So instead of trusting a device because it has a certain IP address, Tailscale checks and verifies the identity of every user, device, or service trying to connect, making it easier for companies working in the cloud. Models that rely on firewalls, assume that any device inside the network is trustworthy while the risk is outside. But today's networks are too distributed for that approach to hold up today, making identity-first networking a more flexible and secure alternative for modern times.
Avery Pennarun CEO Tailscale describes it as:
“You’re connecting to your app, your teammate, your service — wherever it happens to be running right now.”
Tailscale's model reduces/eliminates the need for traditional VPNs, static firewall rules, and perimeter defence, placing VPN and firewall vendors on notice. Managed service providers on traditional network configuration, such as port forwarding, IP management or hardware firewalls, will be under pressure as they lose relevance, assuming the identity-first networking movement continues to grow.
Further, any 'zero trust' solution that still relies on IP allowlists or geography-based filters are also at risk. Identity-first networking is meant to offer real Zero Trust, cryptographic identity access across dynamic environments, a better fit for compliance teams needing continuous monitoring and real time enforcement.
According to Betakit, Tailscale is already being used by over 10,000 clients, such as fast growing AI and tech companies like Perplexity, Cohere, Groq, Mistral and Hugging Face, alongside enterprises like SAP, Instacart, Telus, and Duolingo.
Although Tailscale is proudly based in Toronto, none of the firms participating in this $230M Series C were Canadian, reflecting a troubling pattern of Canadian innovation meets U.S. capital.
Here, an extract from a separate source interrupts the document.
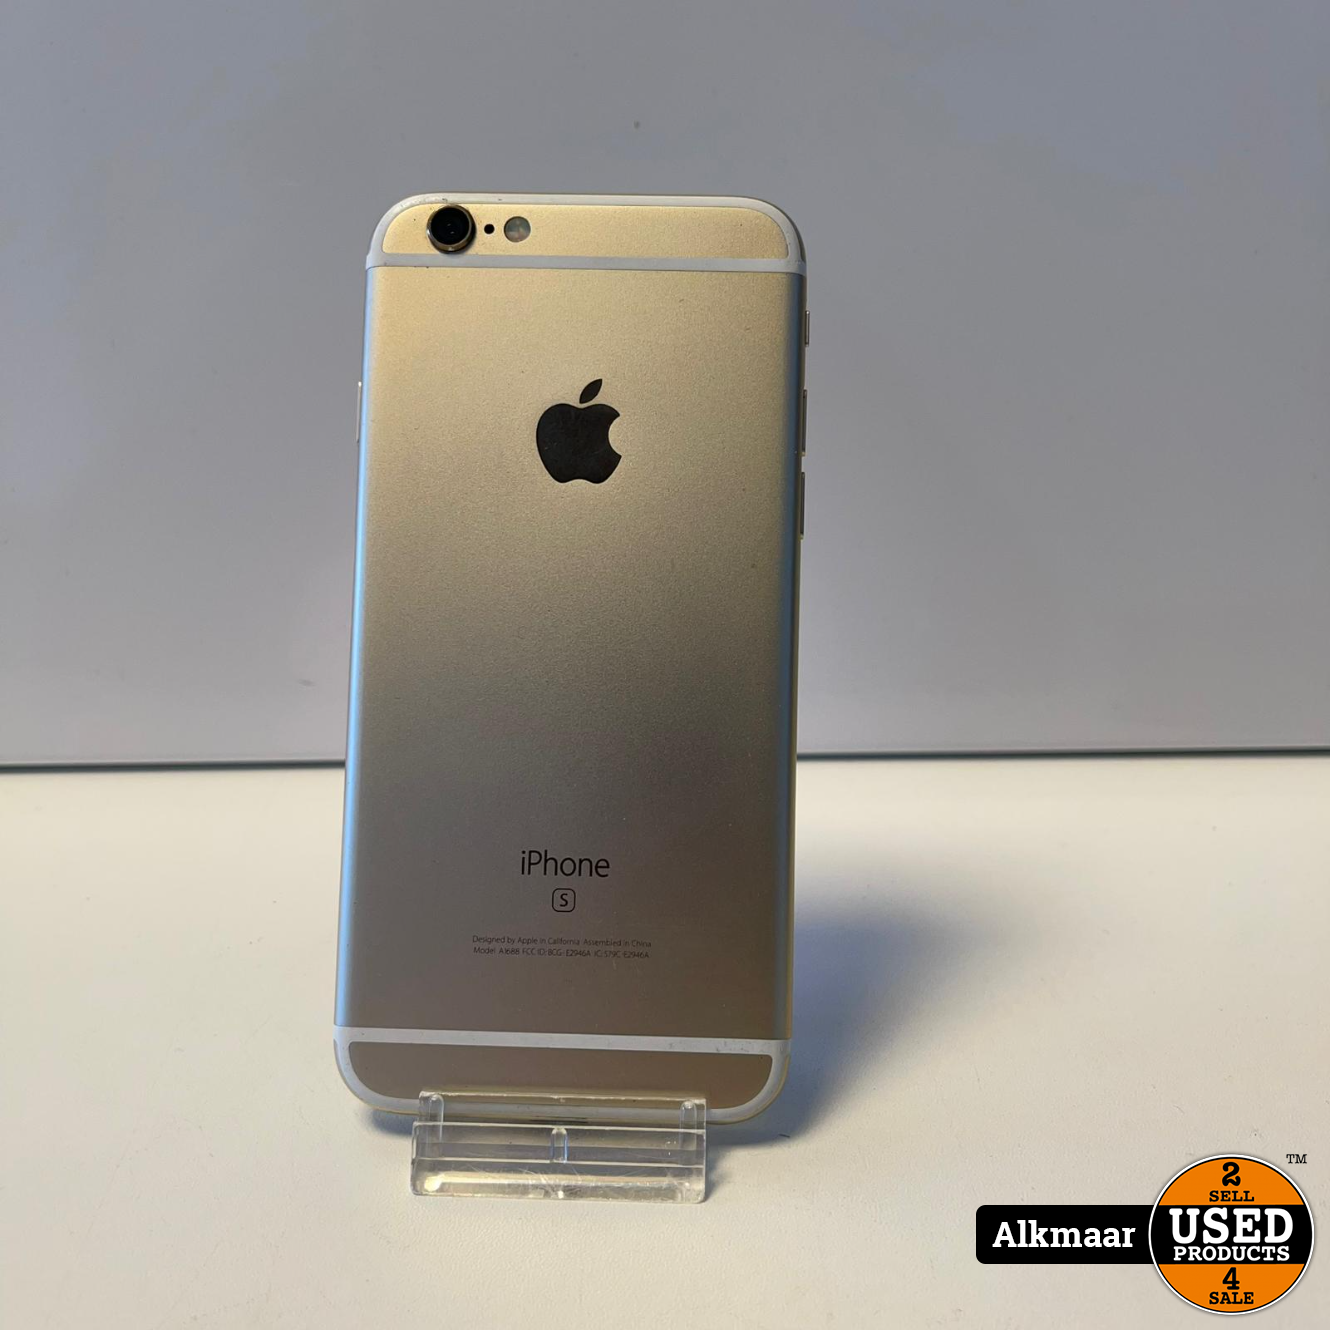 Vol Glad artikel Apple iPhone 6s 16GB Goud | 100% | In nette staat - Used Products Alkmaar

While deep liquidity and quick deployment of global funding accelerates Tailscale's growth, the lack of domestic institutional investors in large scale Canadian tech rounds raises questions about ecosystem competitiveness, strategic alignment and ultimately, ownership retention long term. It's great for Canadian fintechs to have this kind of access to foreign capital but a real hurdle to build stronger investment pipelines at home.
As digital interactions and businesses become more complicated, they need better ways to keep things secure by focusing on who or what is connecting, not just where it's coming from. Financial technology companies deal with reams of sensitive data, multiple cloud deployments, third party integrations, and remote teams, and are key prospects for using an identity-first networking solution. One that's secure and can scale with real-time access control by identity (user, device, or service), improved auditability for KYC and compliance, and easier cross-border infrastructure. Fintechs should take a fresh look at how their systems are built, and retool if necessary. The future of security, compliance, and growth will likely rely on identity-based technology at the core.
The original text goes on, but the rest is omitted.